Bookmark and Share


All modern microprocessors have their own high-speed memory banks, known as “caches,” which store frequently used data. Traditionally, managing the caches has required fairly simple algorithms that can be hard-wired into the chips. But in a bid to increase performance of modern multi-core chips, more advanced algorithms may be required. In many cases, such algorithms can be implemented better in software rather than in hardware.

Daniel Sanchez, an assistant professor in MIT’s department of electrical engineering and computer science, believes that it is time to turn cache management over to software. Recently, Mr. Sanchez and his student Nathan Beckmann presented a new system, dubbed Jigsaw, that monitors the computations being performed by a multi-core chip and manages cache memory accordingly. In experiments simulating the execution of hundreds of applications on 16- and 64-core chips, Sanchez and Beckmann found that Jigsaw could speed up execution by an average of 18% – with more than twofold improvements in some cases – while actually reducing energy consumption by as much as 72%. The researchers believe that the performance improvements offered by Jigsaw should only increase as the number of cores does.
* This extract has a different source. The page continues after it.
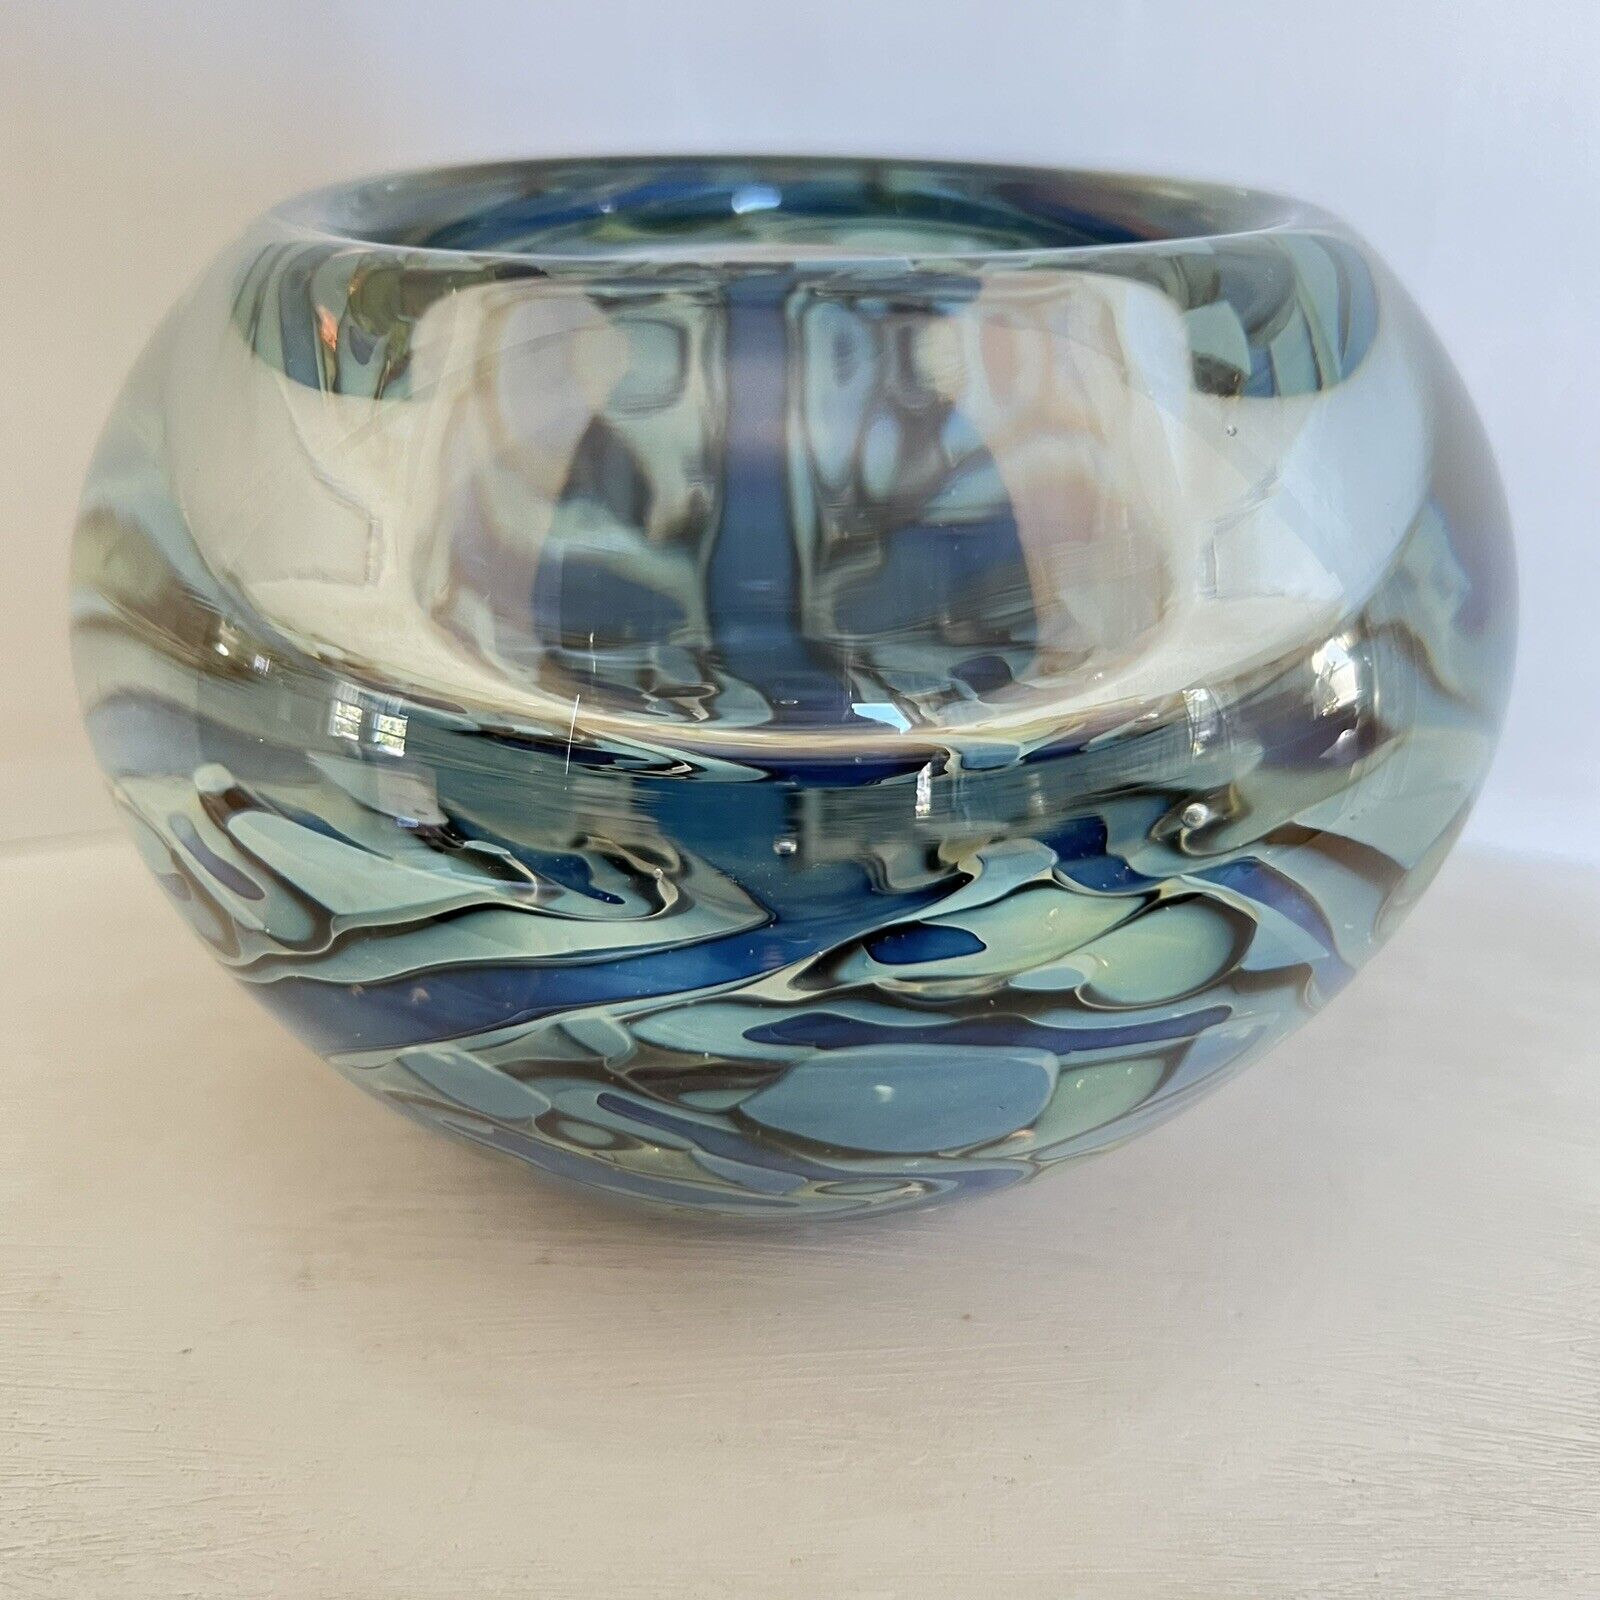 Robert Eickholt Art Handblown Glass Vase Signed Dated 2006 CVAS

Location, Location, Location

In most multi-core chips, each core has several small, private caches. But there is also what is known as a last-level cache, which is shared by all the cores. The LLC takes up to 40% - 60% of the chip size, but that is justifiable because it is crucial to performance. Without that cache, some applications would be an order of magnitude slower.
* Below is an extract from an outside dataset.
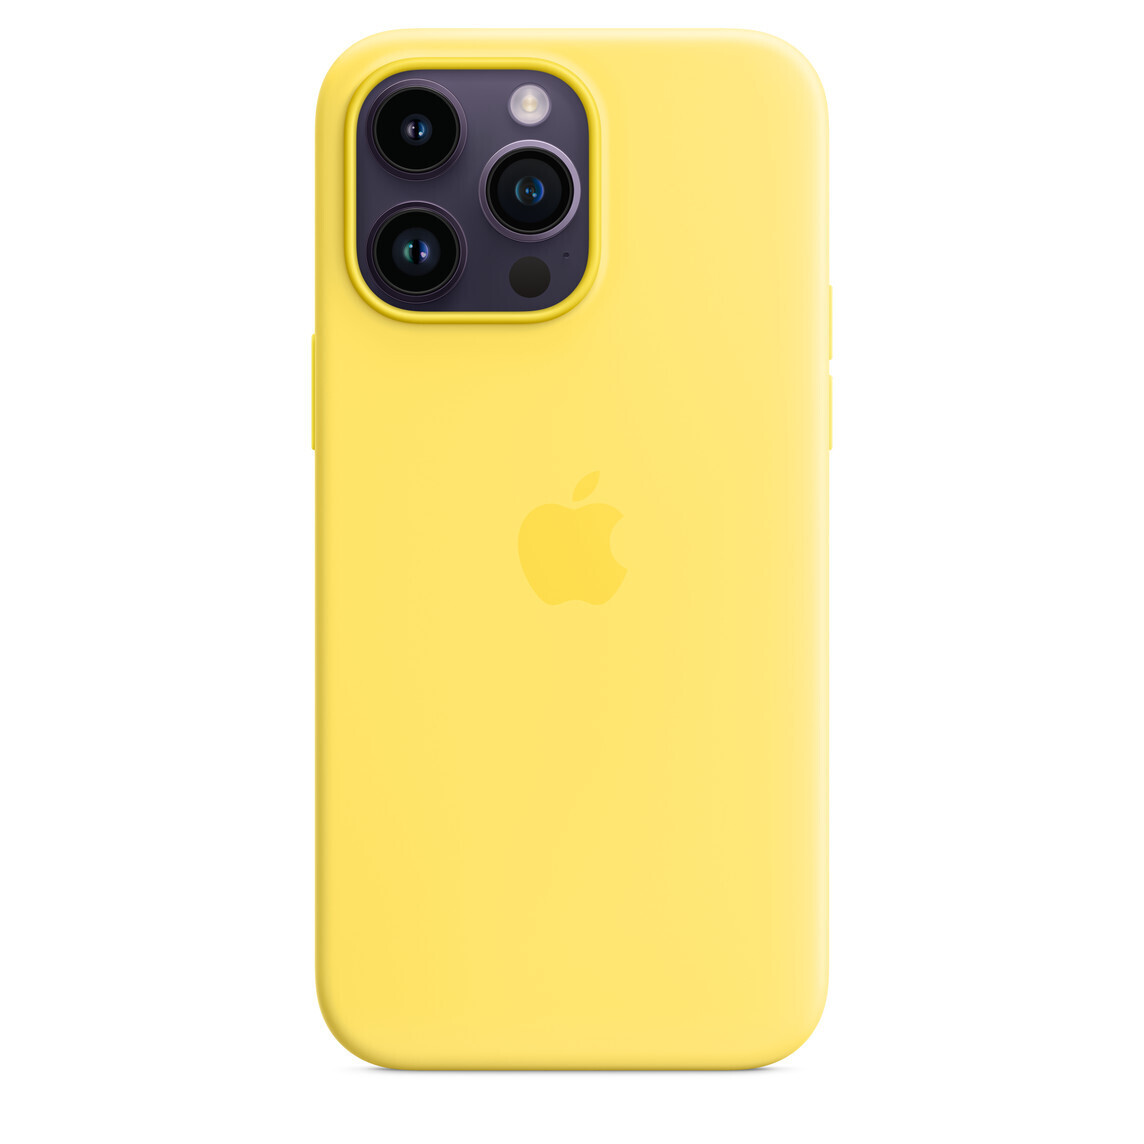  گارد سیلیکونی آیفون 11 Pro Max رنگ زرد

Physically, the last-level cache is broken into separate memory banks and distributed across the chip; for any given core, accessing the nearest bank takes less time and consumes less energy than accessing those farther away. But because the last-level cache is shared by all the cores, most chips assign data to the banks randomly.

Jigsaw, by contrast, monitors which cores are accessing which data most frequently and, on the fly, calculates the most efficient assignment of data to cache banks. For instance, data being used exclusively by a single core is stored near that core, whereas data that all the cores are accessing with equal frequency is stored near the center of the chip, minimizing the average distance it has to travel. Jigsaw also varies the amount of cache space allocated to each type of data, depending on how it’s accessed. Data that is reused frequently receives more space than data that is accessed infrequently or only once.

In principle, optimizing cache space allocations requires evaluating how the chip as a whole will perform given every possible allocation of cache space to all the computations being performed on all the cores. That calculation would be prohibitively time-consuming, but by ignoring some particularly convoluted scenarios that are extremely unlikely to arise in practice, Mr. Sanchez and Mr. Beckmann were able to develop an approximate optimization algorithm that runs efficiently even as the number of cores and the different types of data increases dramatically.

Quick Study

“Since the optimization is based on Jigsaw’s observations of the chip’s activity, it is the optimal thing to do assuming that the programs will behave in the next 20 milliseconds the way they did in the last 20 milliseconds. But there is very strong experimental evidence that programs typically have stable phases of hundreds of milliseconds, or even seconds,” said Mr. Sanchez

The researcher also points out that the new exploration represents simply his group’s “first cut” at turning cache management over to software. Going forward, they will be investigating, among other things, the co-design of hardware and software to improve efficiency even further and the possibility of allowing programmers themselves to classify data according to their memory-access patterns, so that Jigsaw does not have to rely entirely on observation to evaluate memory allocation.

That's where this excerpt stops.